WASHINGTON -- Only days before millions of Americans cast their ballots, a climate of suspicion hangs over Tuesday’s national elections.
Accusations of partisan dirty tricks and concerns about long voter lines, voting equipment failures and computer errors are rampant, particularly in key battleground states such as Ohio and Colorado, where absentee and provisional ballots could decide a close election.
“Those will be the states that are the most prone to confusion and chaos and contesting if the election is close or within what some people call the ‘margin of litigation,’ ” said Charles Stewart III, a political science professor at the Massachusetts Institute of Technology.
State and local election officials and partisan watchdogs are on high alert for problems, as is the U.S. Department of Justice. All of them plan to post election monitors at potential trouble spots across the country.
The extra preparations will certainly help, but they haven’t stopped reports of phony election workers showing up at people’s homes to collect their absentee ballots or anonymous callers falsely claiming that voters can stay home on Election Day and cast their ballots by phone.
With concerns running high about voter intimidation, voter suppression and poorly trained poll workers, many think that the integrity of the elections – and the officials who run them – has been compromised. Nowhere is that more true than in Ohio, where Republican Secretary of State Jon Husted has drawn the ire of Democrats by limiting the amount of time for early voting.

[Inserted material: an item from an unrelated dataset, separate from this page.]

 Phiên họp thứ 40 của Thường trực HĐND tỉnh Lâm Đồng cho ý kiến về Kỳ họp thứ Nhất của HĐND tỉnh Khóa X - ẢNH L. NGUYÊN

“It’s highly unfortunate that the rules of the game have become hyper-politicized,” Stewart said. “It sets up a situation that, regardless of who wins the election next Tuesday, the losers, especially the most zealous partisans, will be set up to doubt the legitimacy of the outcome.”
In their national bid to root out voter fraud, True the Vote, a conservative organization, might have hundreds of thousands of poll watchers nationwide. They plan to challenge voters they suspect of casting ballots illegally. This could slow the election process and force challenged voters to cast provisional ballots, which are counted later.

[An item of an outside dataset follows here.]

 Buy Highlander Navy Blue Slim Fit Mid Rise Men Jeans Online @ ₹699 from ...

“True the Vote has reported instances of procedural and technical errors occurring in polls that could lend themselves to abuse,” a statement by group founder Catherine Engelbrecht said.
Labor organizations and voting rights groups, such as Common Cause and the Lawyers’ Committee for Civil Rights Under Law, also will have poll watchers making sure that voters aren’t harassed, intimidated or threatened by True the Vote members.

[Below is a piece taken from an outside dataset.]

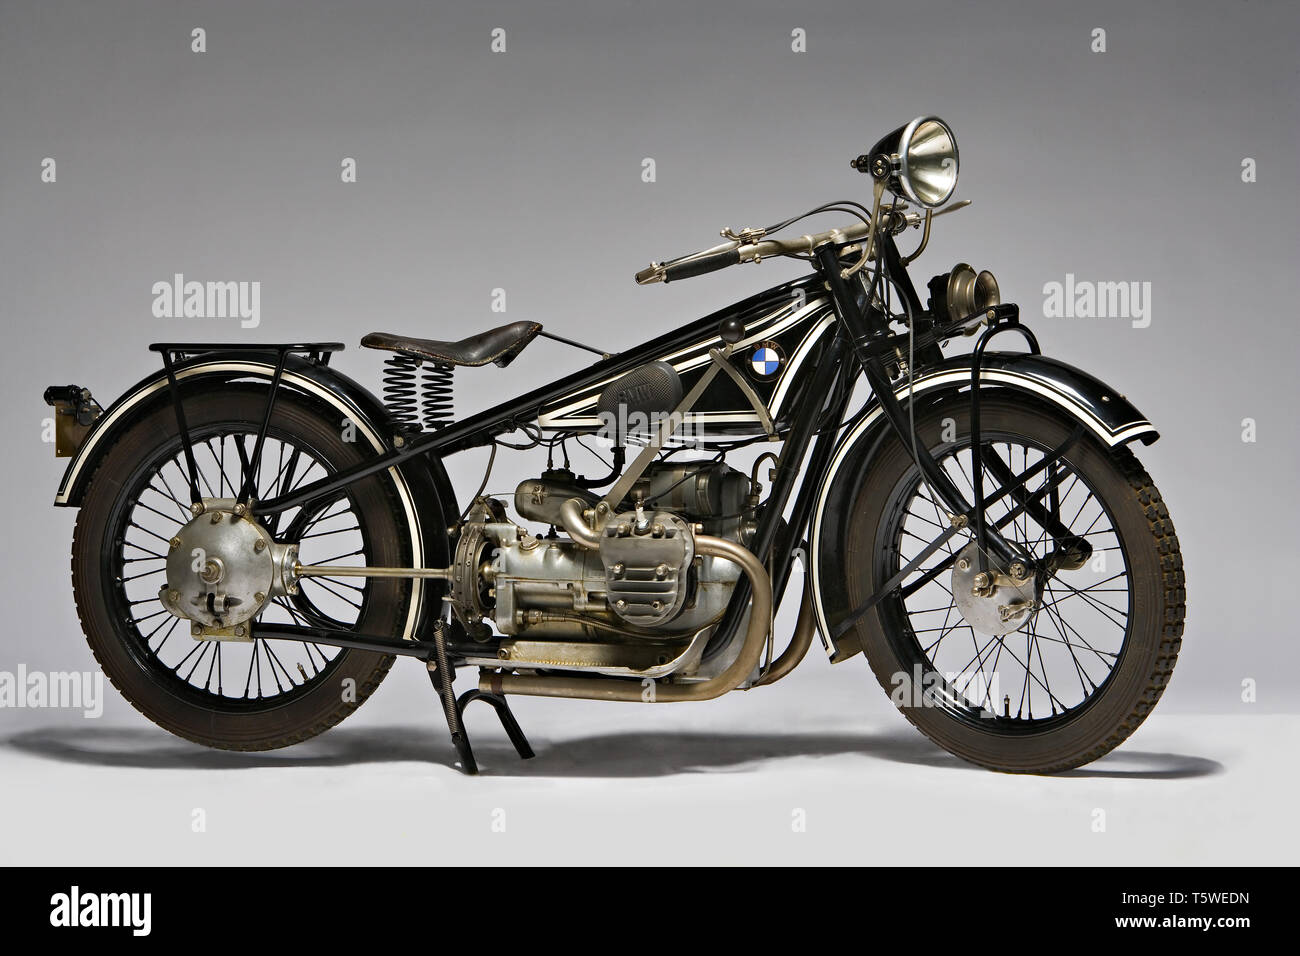 Moto d'epoca BMW R42 Marca: Bayerische Motoren Werke modello: R42 nazione: Germania - Monaco Anno: 1927 condizioni: restaurata Cili Stockfoto

“Our monitors will be monitoring their monitors,” said Judith Browne Dianis, a co-director of the Advancement Project, a national nonpartisan voting-rights organization. “We are going to make sure they’re not engaging in bullying at the polling places.”
The recent high-water mark for voter distrust is the 2000 presidential election, when Florida’s disputed votes and the resulting challenge to the U.S. Supreme Court left the race undecided for several weeks. The high court eventually declared Republican George W. Bush the winner.
Concerns about the 2012 election mushroomed last year as Republican state lawmakers around the country introduced a series of restrictive voting laws that critics claimed would affect minorities, college students and the poor disproportionately. Democrats and civil rights advocates argued that the laws were a less-than-subtle attempt to suppress the votes of some of the party’s strongest supporters.